Взгляд Наполеона и императорского правительства на «национальный интерес». Что понималось под национальной промышленностью. «Старые департаменты» и новые территориальные приобретения
правитьВыяснив, как смотрел Наполеон на роль промышленности в государстве и па способ наиболее существенно содействовать промышленному развитию, мы должны перейти к другой черте его воззрений, выяснить которую не менее важно для правильного понимания дальнейшего.
Наполеон был императором, самодержавно повелевавшим не только во Франции, не только в стране, которую он получил во власть после 18 и 19 брюмера, но и в нескольких других странах, которые он непосредственно присоединил к Империи или за которыми оставил тень формальной самостоятельности, но где он либо считался главой государства сам, либо возвел на престол своих братьев, родственников и маршалов. Он. как известно, любил каролингские реминисценции, называл себя иногда «императором Запада». Смотрел ли он, смотрело ли его правительство на этот «Запад», подвластный Франции, как па нечто единое, целостное, что можно противопоставить остальной Европе? Когда Наполеон говорил о необходимости защищать промышленность от иностранной конкуренции,— какую промышленность он имел в виду и от каких иностранцев желал ее защищать?
У Наполеона была определенная скала: на первом месте экономические интересы старой Франции (anciens departe-ments, ancienne France, не всей Империи), на втором — Италии, а уж на третьем — присоединенных к Франции областей: Бельгии, Голландии, ганзеатических городов, Иллирии. Речь заходит о том, как будет доставляться левантийский хлопок во Францию? Через Милан и Венецию, чисто итальянские города, или через Триест и Фиуме, связанные с Иллирией? Наполеон, не колеблясь, становится на сторону первых и очень характерно это выражает: «…tout le bien qui en resulte pour le royaume d’ltalie est utile a la France, et dans le fait Sa Majeste prefere que Milan et Venise gagnent plutot que Fiume et Trieste parce que I’mteret des ces deux premieres villes est plus national»{25}.

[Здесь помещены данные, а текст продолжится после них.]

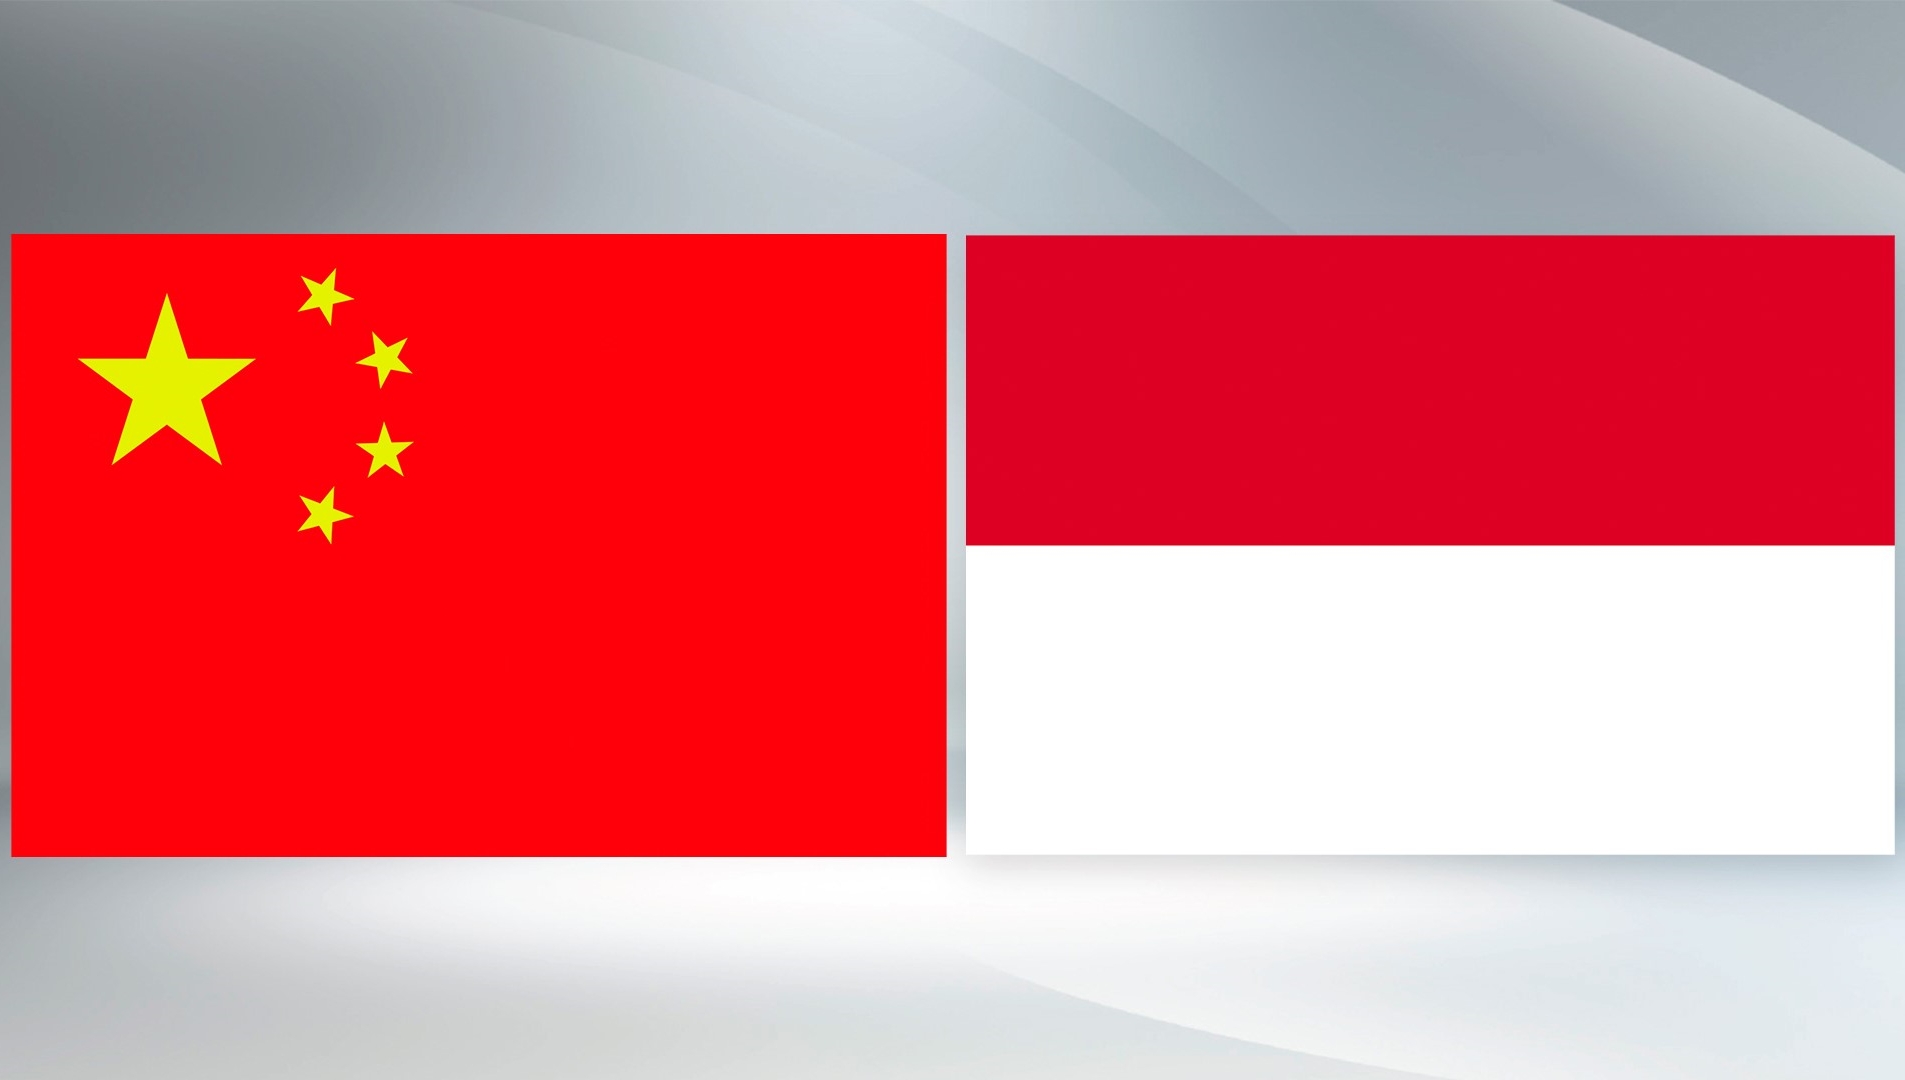 Xi congratulates Prabowo Subianto on election as Indonesian president
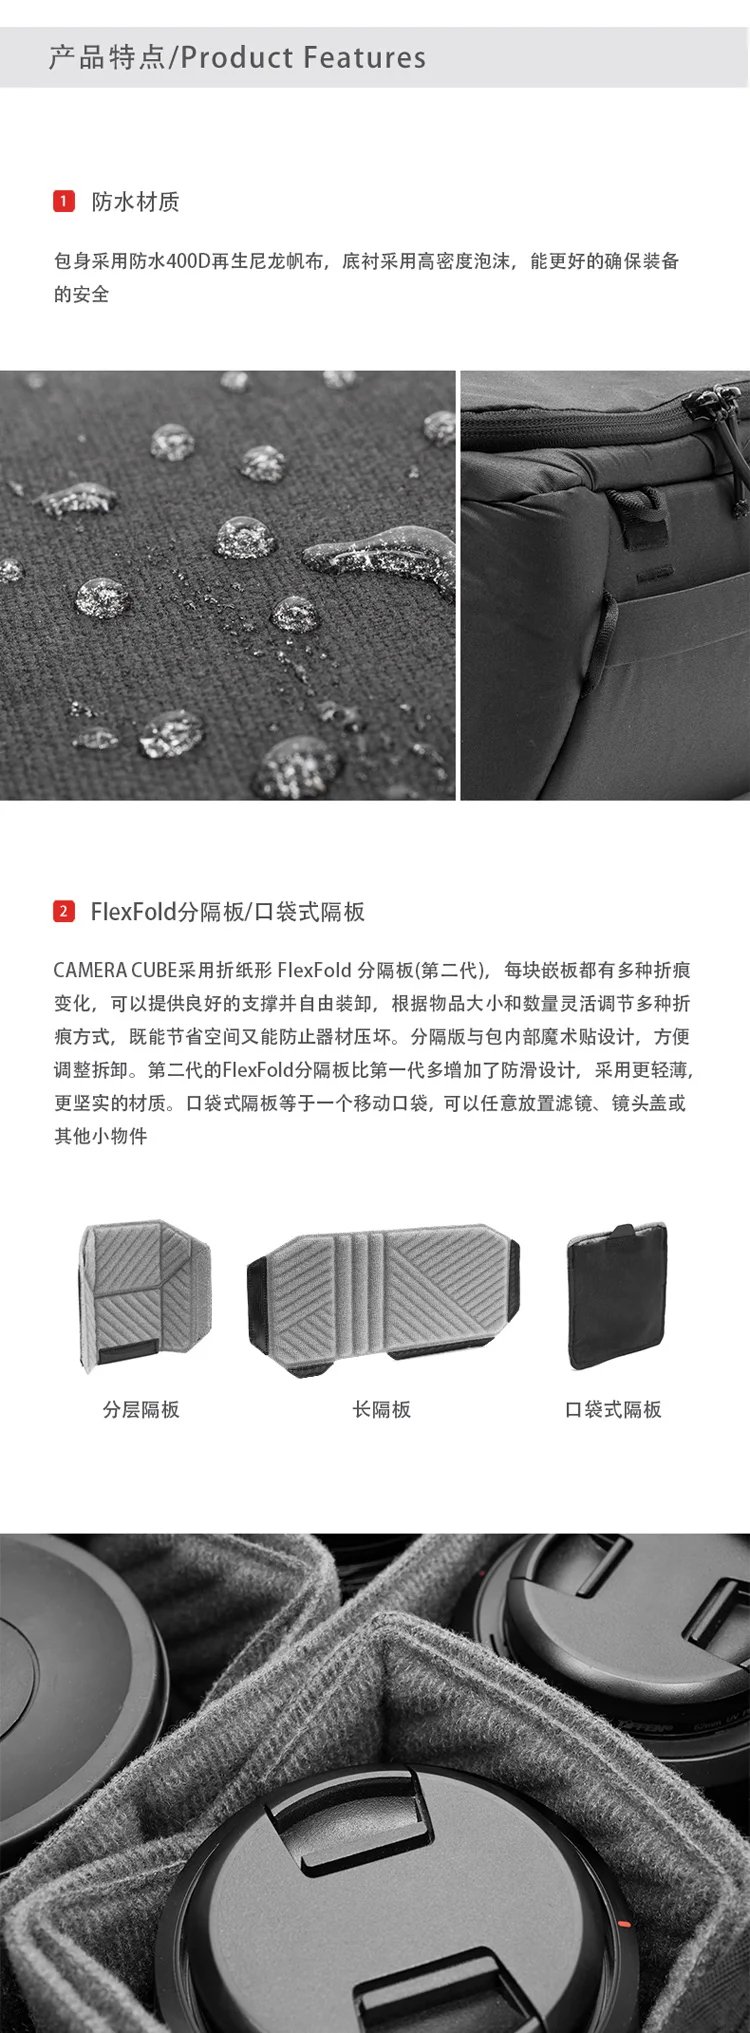 Пиковый дизайн камеры кубики диагональная посылка всепогодный прочный защитный слой утолщение для camon nikon sony камеры и объектива

Этот национальный интерес Франции, близость экономических интересов любой страны к национальному интересу Франции, — вот обычный критерий для наполеоновских суждений и оценок. Иногда на второе место становилась вместо Италии другая страна, но на первом всегда оставалась старая Франция. Чуть не в первом же заседании министров после Тильзита Наполеон забросал их вопросами: «Чего может желать торговля от разных государей Рейнского союза? Каковы наши нынешние торговые сношения с Италией? Почему фабриканты ситцев не снабжают мое италийское королевство? Чего можно пожелать от Испании, от Португалии?» {26}. Эта форма вопроса в высшей степени характерна («Qu'-t-il a desirer de l’Espagne? du Portugal?»). Она была прямо зловещей для Испании, для Португалии, для Рейнского союза, для всех стран, относительно которых Франции нужно было только успевать формулировать свои пожелания и претензии.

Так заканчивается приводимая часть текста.